What's more, there is an additional 10 million households that have 20% or less equity in their homes. For those homeowners, it would be difficult to sell without coming up with some money to cover the broker fees, closing costs and the down payment for the next home.

European Union regulators have charged banks JPMorgan, HSBC and Credit Agricole with colluding to manipulate the price of financial products linked to interest rates.

The European Commission's regulator said the banks will now have a chance to respond to the preliminary findings. If the Commission ultimately concludes they have broken the law, it can impose a fine of up to 10% of their annual revenue. In December 2013, the Commission levied fines totaling $1.4 billion on Barclays, Deutsche Bank, RBS and Societe Generale as part of the same case, which covers financial derivatives linked to a benchmark interest rate called Euribor in the period 2005-2008. Barclays escaped fines for having notified the Commission of the existence of the cartel, and the others were granted a reduction in their fine for cooperating in a settlement.

Late yesterday, Credit Suisse entered a guilty plea for conspiring to help US customers evade taxes, the first such guilty plea by a major financial institution in years. Today Credit Suisse shares rose almost 1%. Apparently a felony conviction is a good thing. And why not? Top bank executives will get to keep their jobs, the bank can pin the whole thing on a handful of underlings, and it won't have to give up a list of client names to the government. Credit Suisse will have to let an independent monitor keep an eye on it, but that's a minor inconvenience at worst. The guilty plea could cost the bank some clients here and there, but investors and analysts are betting there won't be much impact. The most painful part of the deal, the $2.6 billion in fines, is manageable, less than one quarter's revenue.

For the most part, the mainstream media is dutifully accepting the spin of the Department of Justice, that this case is significant by virtue of being the first plea of this sort made by a bank in over two decades. The fact that those intervening years saw regulators generally take a very hands off approach to banks, and that we had a global financial crisis with no measures of this sort taken against the perps somehow escapes mention.

Let me return to one critical issue: why no individuals were prosecuted or even fined. This case, like so many we have discussed, seems ideally made for at least a civil action under Sarbanes Oxley against the CEO and CFO, since they must certify the adequacy of internal controls. The most charitable coloration you can put on what looks an awful lot like obstruction of justice (although Credit Suisse was not charged with that) was that it was a failure of internal controls. And Sarbanes Oxley is designed so that a civil action can easily tee up a criminal case on the same control deficiencies.

Credit Suisse was in many ways the perfect major financial institution from which to demand a guilty plea.
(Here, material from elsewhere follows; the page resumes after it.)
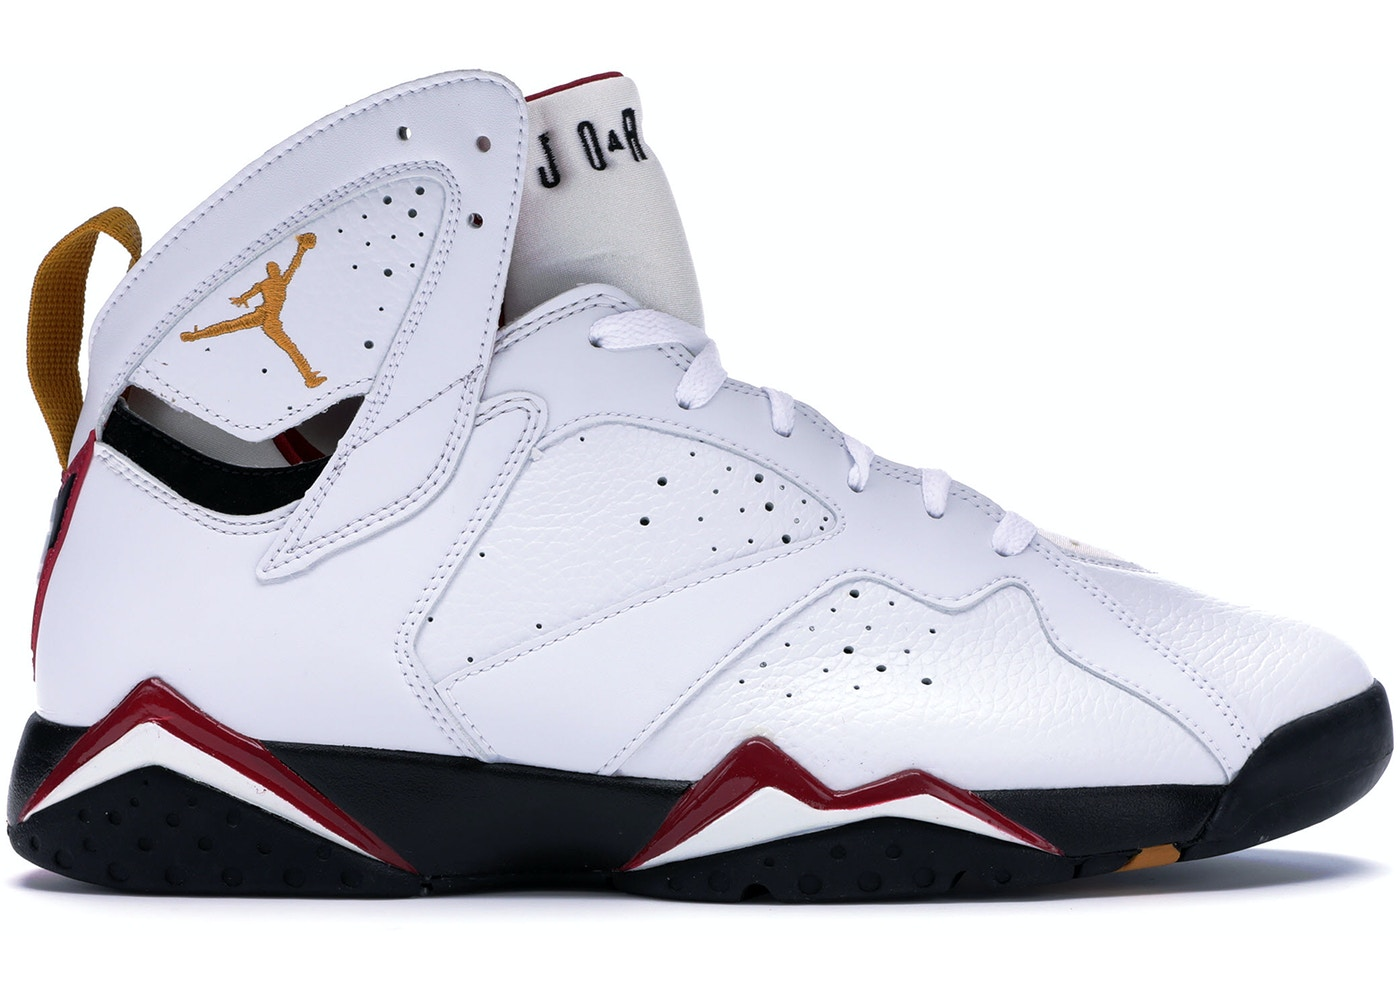 outlet store 697a2 2173c Air Jordan 7 Size 13 Shoes - New Highest Bids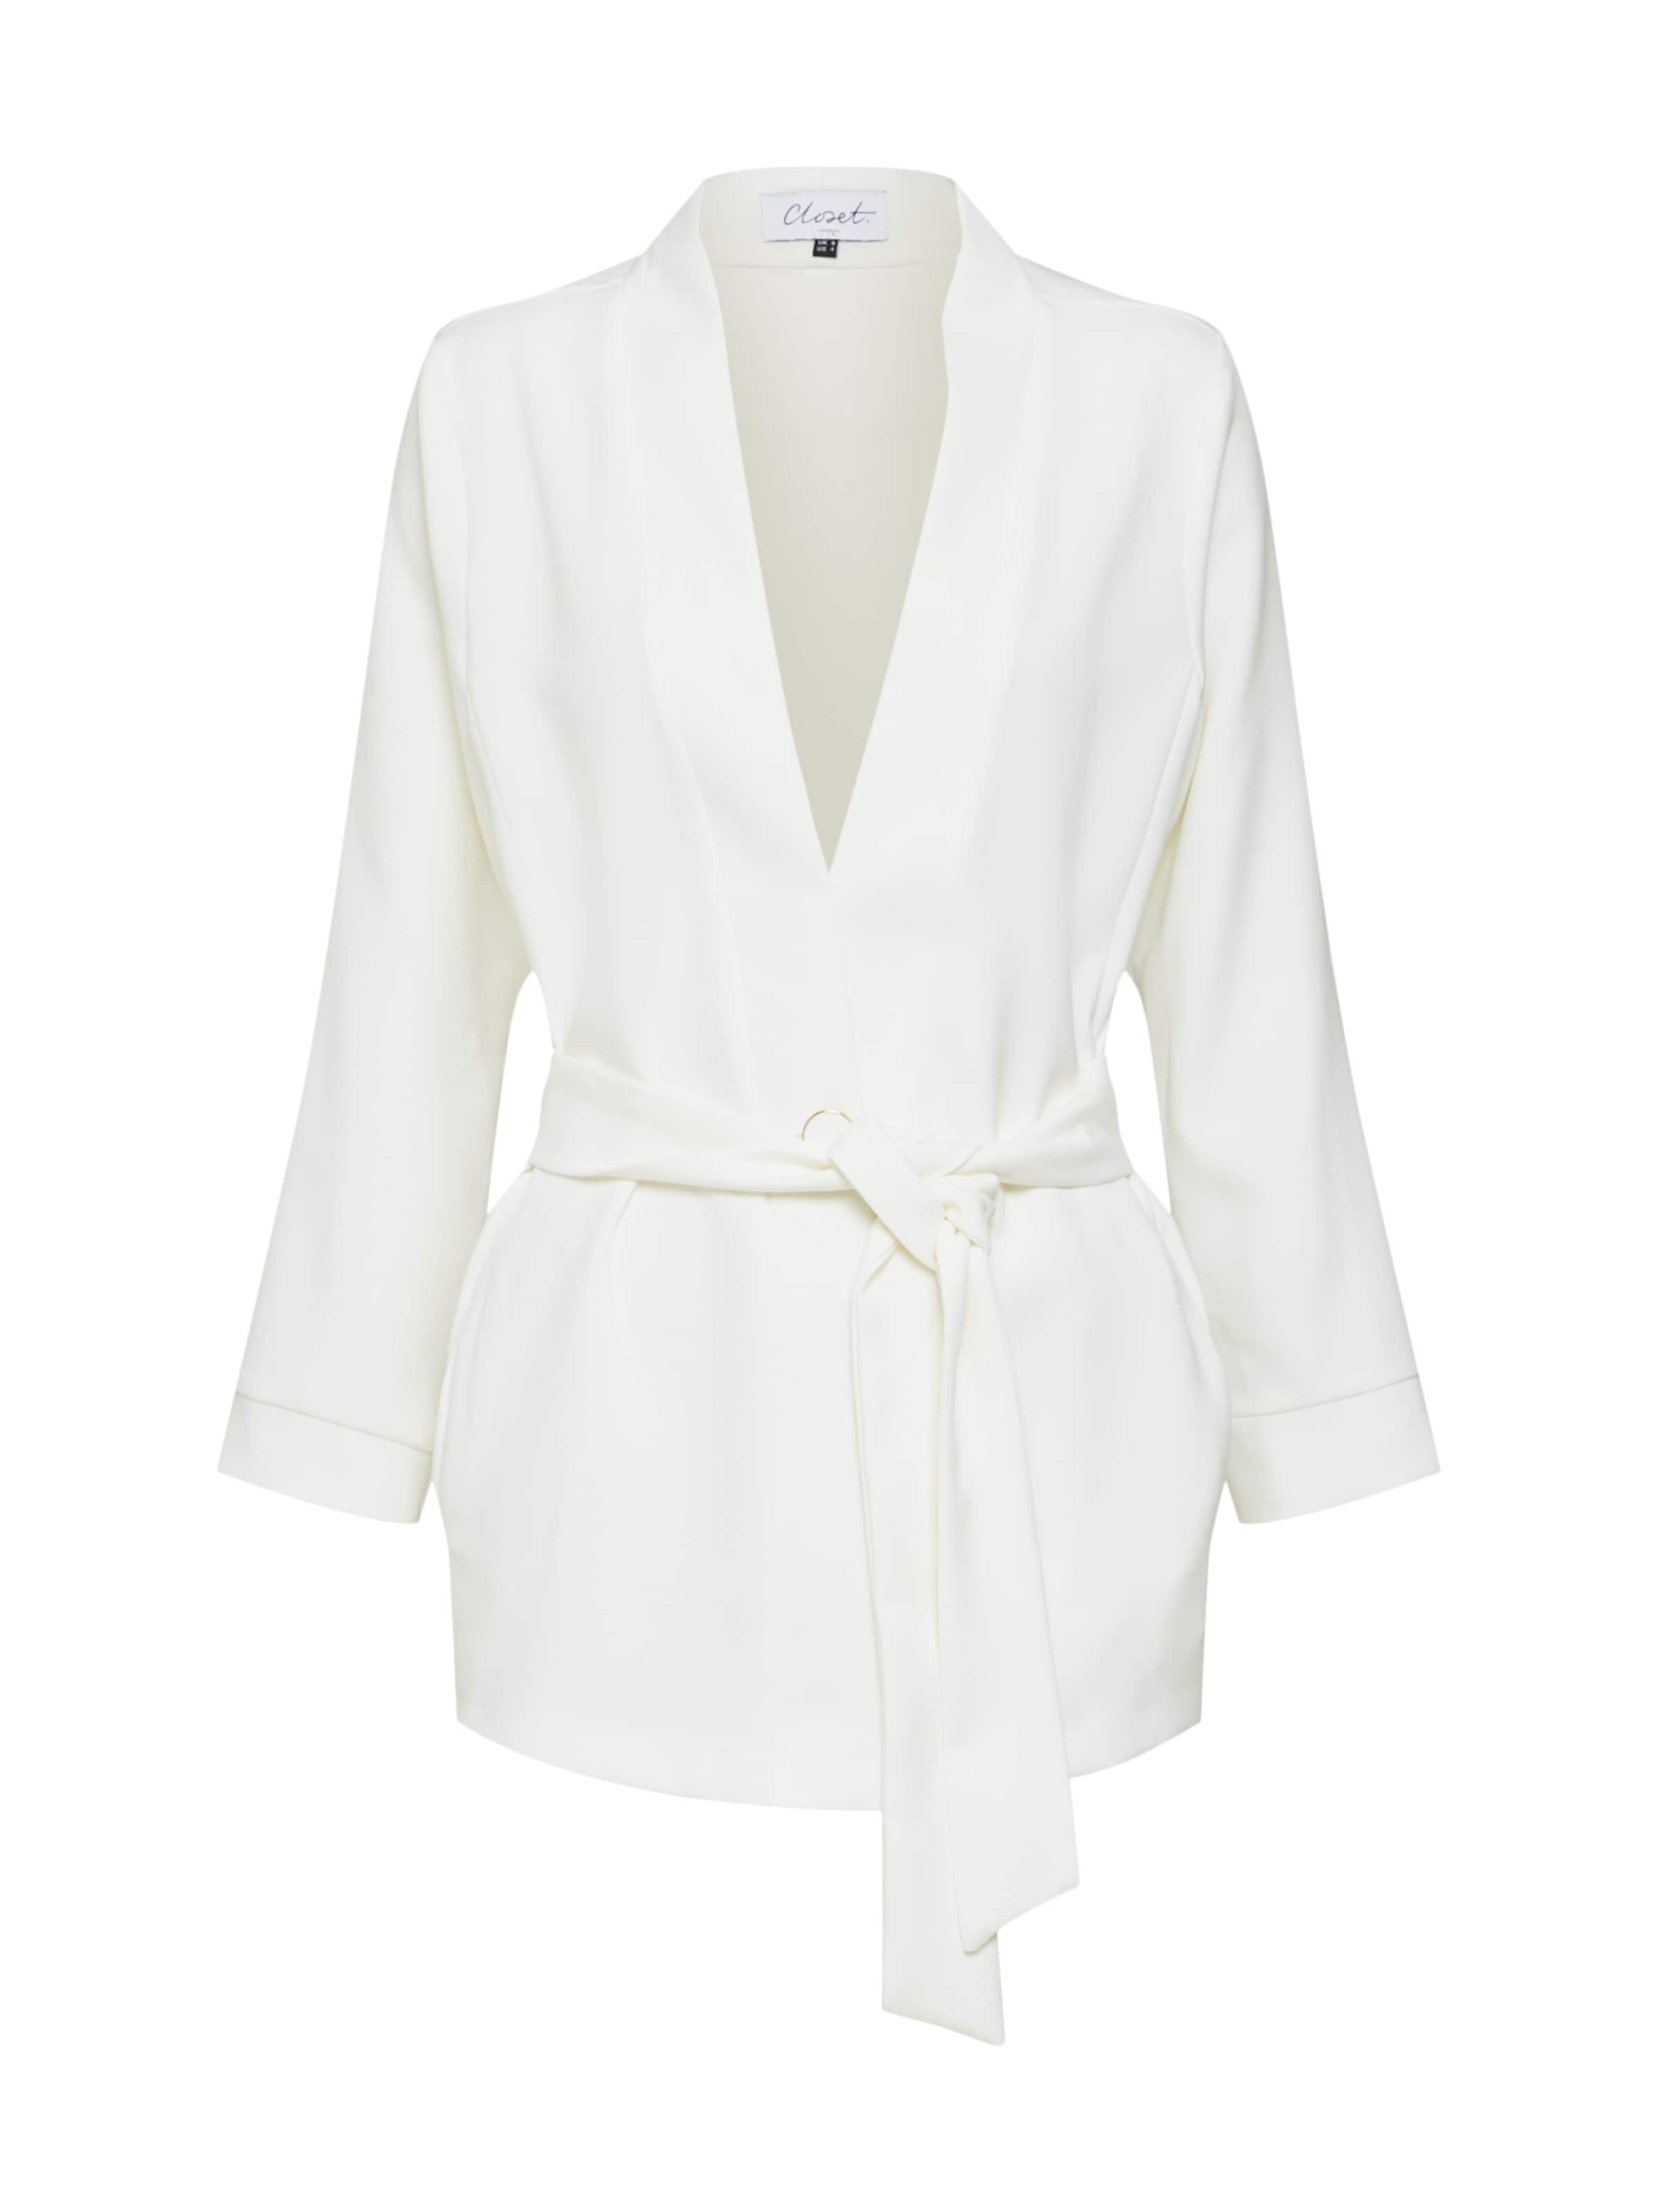 Cassé London Closet Blazer En Blanc nwN8OP0kXZ

Although its investment banking and wealth management operations are global, the commercial banking operation in the United States is largely confined to its New York branch. It does not own a subsidiary in this country providing bank services to local customers, so it really only had to negotiate with the New York authorities and the federal government to resolve the case. That meant the effort to mitigate potential collateral consequences of a guilty plea was confined to just a few agencies. So, if you think the Credit Suisse case will become the template to go after American banks, well, yeah, that’s not going to happen. The banking class remains a protected species.